Introduction of SSH
SSH is a network protocol used for encrypted login between computers. Principle:
- The remote host receives the login request from the user and sends its public key to the user.
- The user uses the public key to encrypt the login password and send it back.
- Using its own private key, the remote host decrypts the login password and, if the password is correct, allows the user to log in.
When the public key of the remote host is accepted, it is stored in the local file ~/.ssh/known_hosts. In addition, the system also has such a file, usually /etc/ssh/ssh_known_hosts, which holds the public key of the remote host that can be trusted by all users.

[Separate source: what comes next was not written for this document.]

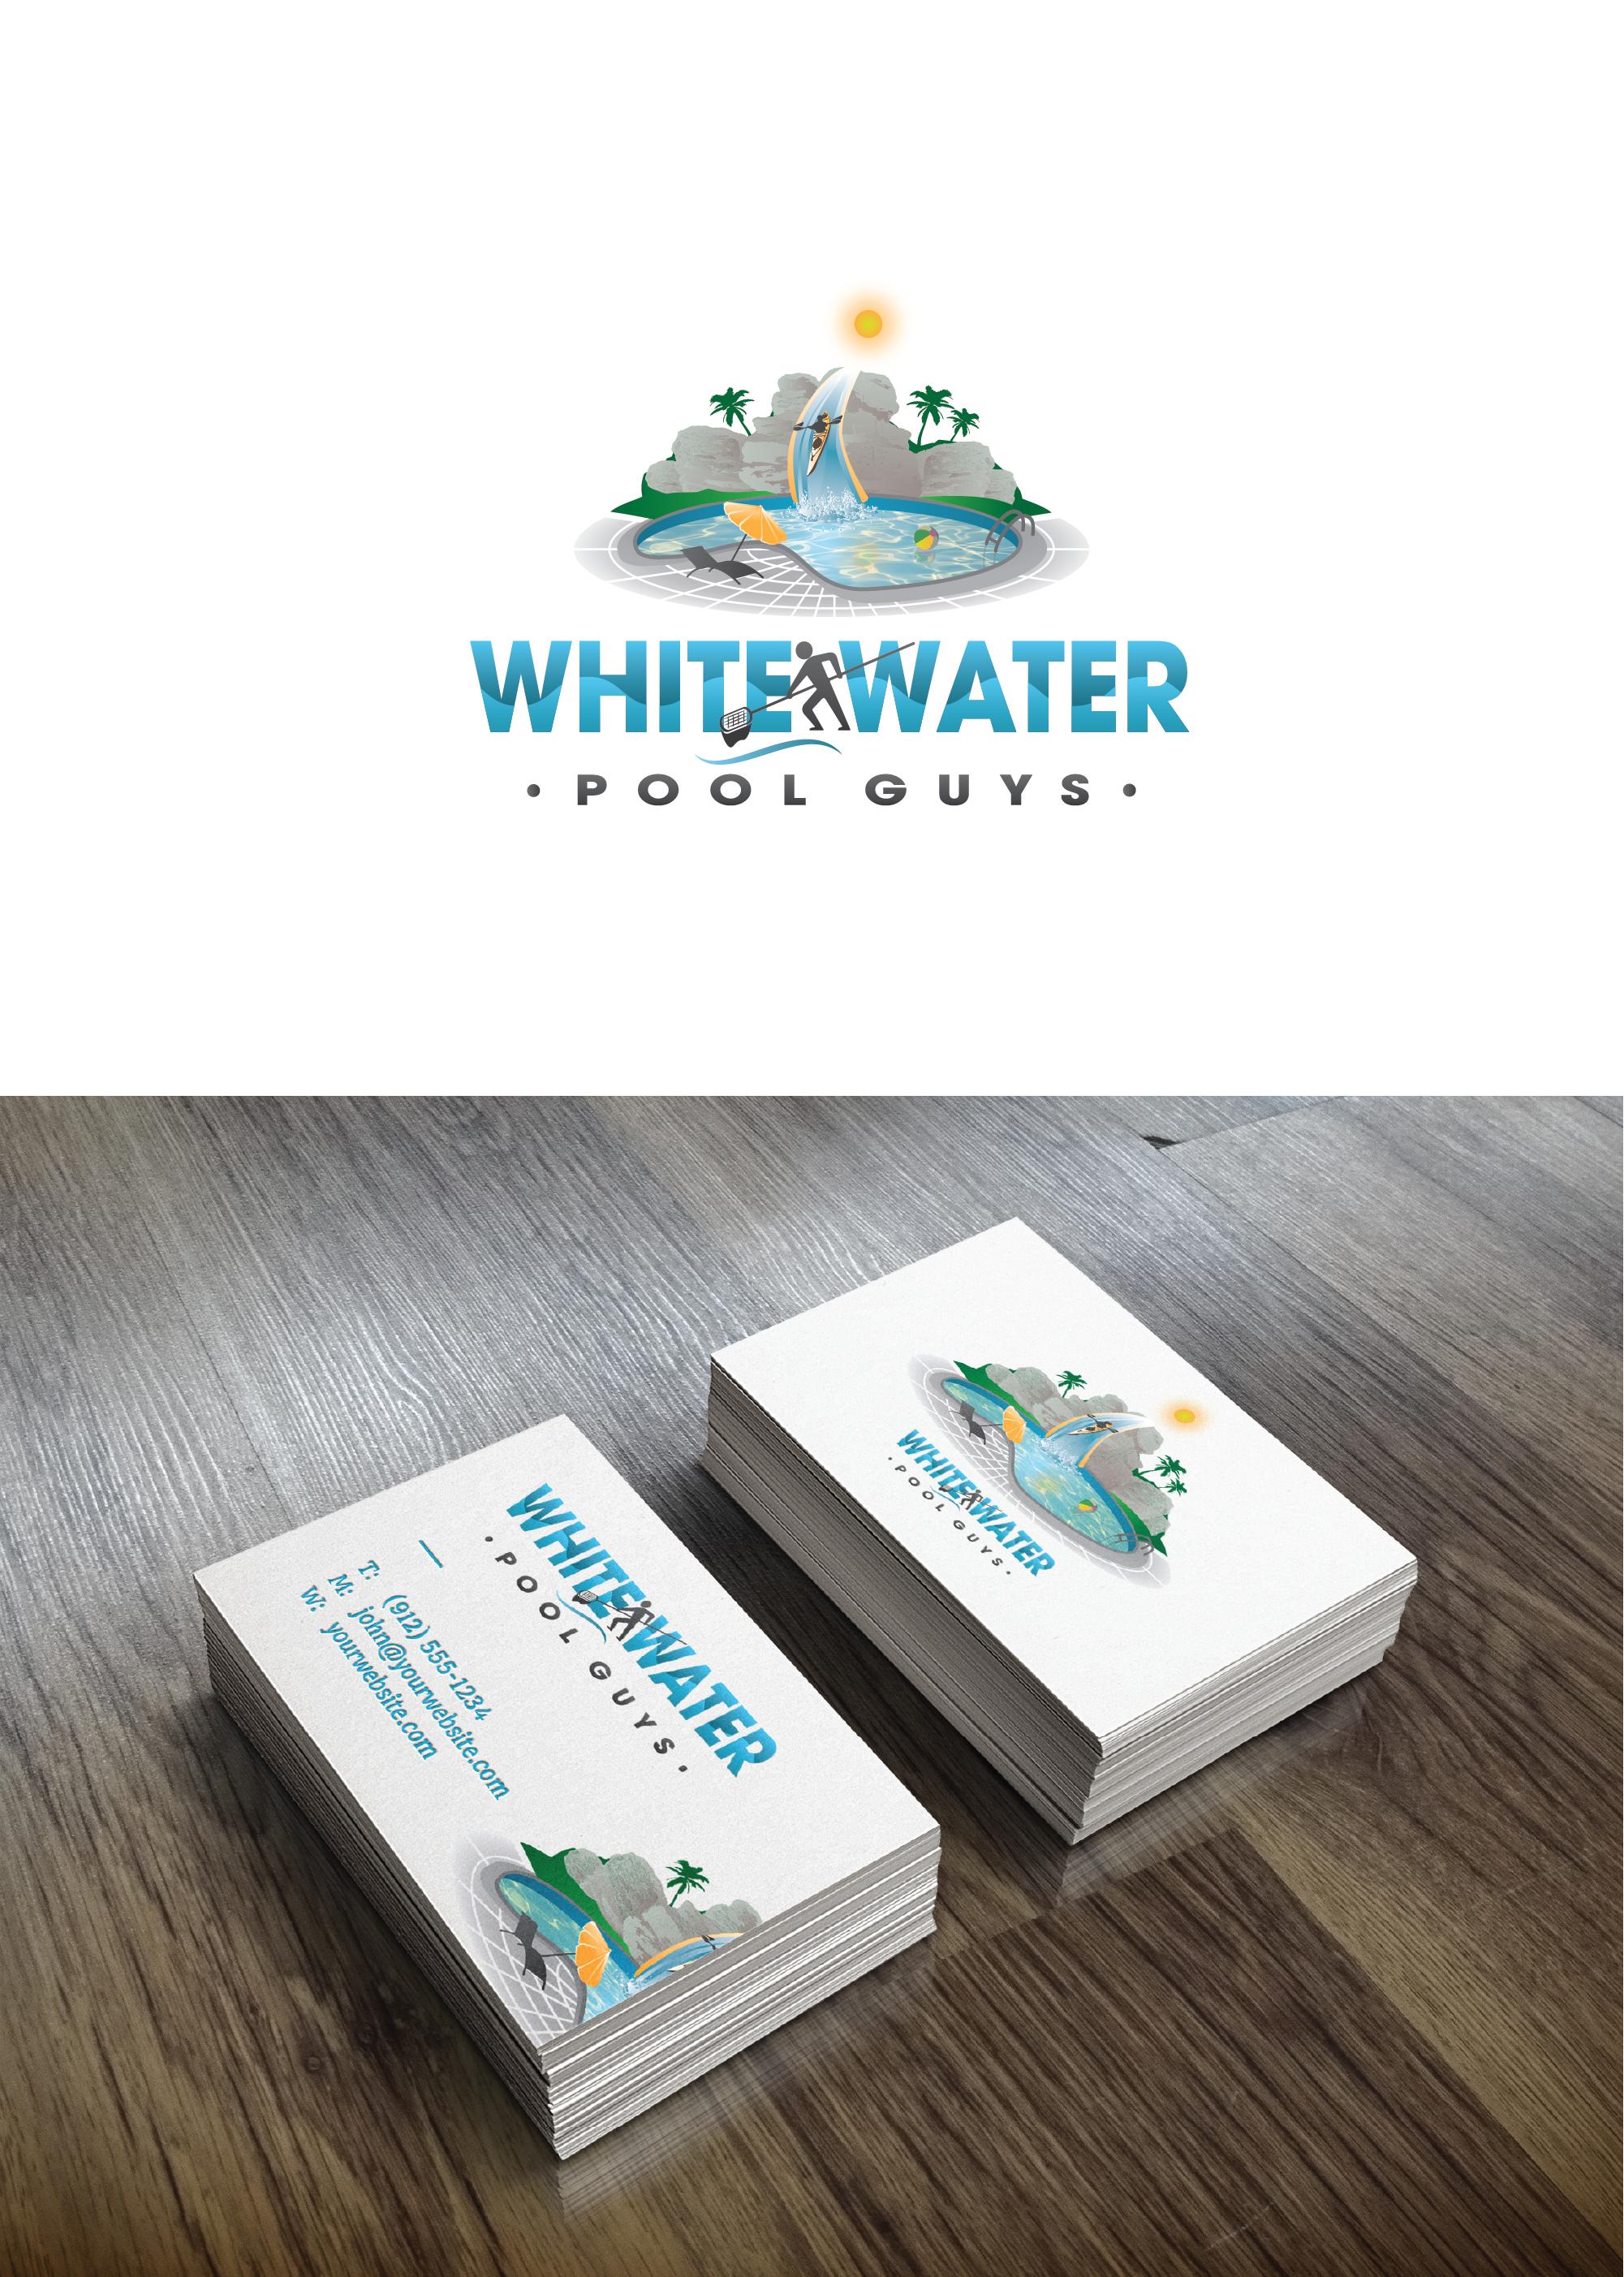 Draw/Design a Creative Logo for a Pool Company
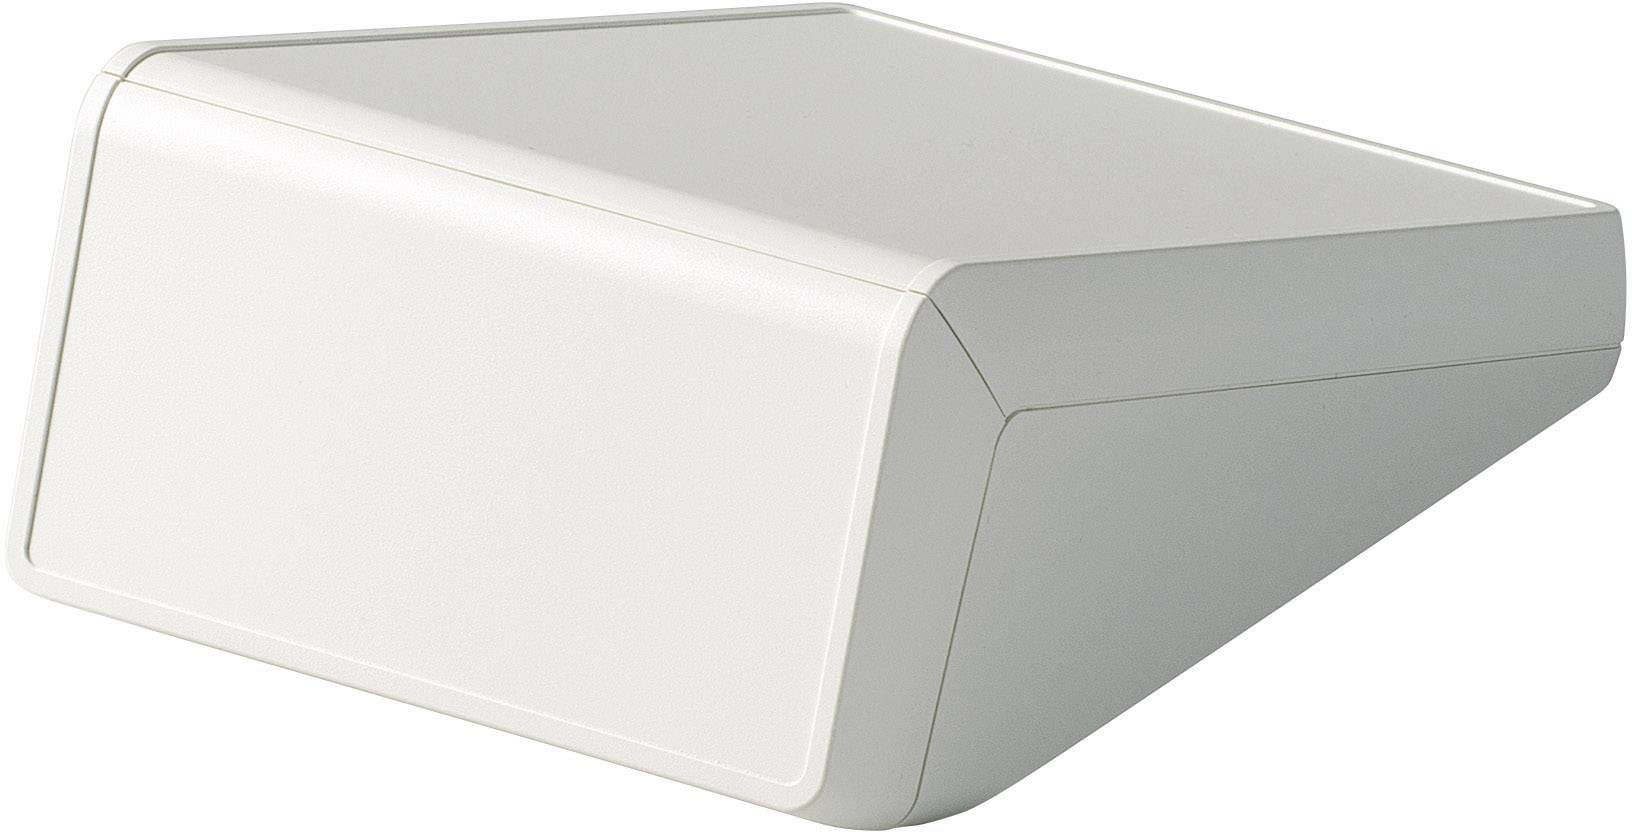 Skrinka na ovládací pult OKW UNITEC D4056107, 148 x 210 x 80 mm, ABS, sivobiela, 1 ks

Commonly used instructions
- Log in to the server locally SSH user@remote -p port. If the port number is 22, SSH user@remote and log in to exit
- Local password-free login to ssh-copy-id user@remote -p port, which is especially useful when writing script server control
- Add some content to the alias code ~/. SSH /config to log in to the server using SSH selfname without remembering the server IP address
- Run the SSH selfname “CD ~; Ls “will execute the command in quotes on the server, after which it will automatically shut down the remote service
- SCP username@a PC IP: file path username@b PC IP: folder path: SCP username@a PC IP: file path username@b PC IP: folder path: SCP username@a PC IP: file path username@b PC IP: folder path: -r
ssh user@remote -p port
# user is your user name on the remote machine, which defaults to the current user if not specified
# remote is the address of the remote machine, which can be an IP address, domain name, or an alias mentioned later
# port is the port on which the SSH Server listens. If not specified, the default value is 22
# SSH [email protected] for example
Copy the codeSSH: connect to host remote port 22: SSH: connect to host remote port 22: Connect to host remote port 22: Sudo apt-get install openssh-server sudo apt-get install openssh-server sudo apt-get install openssh-server
Avoid close login
Is it annoying to have to enter a password every time you SSH? The opposite of password authentication is public key authentication. In other words, to achieve password-free login, you need to set an SSH key first. That is, the local computer generates a public key private key, and then put the public key on the remote server! The principle is simple: users store their public keys on a remote host. At login, the remote host sends the user a random string, which the user encrypts with his private key, and sends back. The remote host decrypts the shell using the public key stored in advance. If successful, the user is proved to be trusted and is allowed to log in to the shell without requiring a password.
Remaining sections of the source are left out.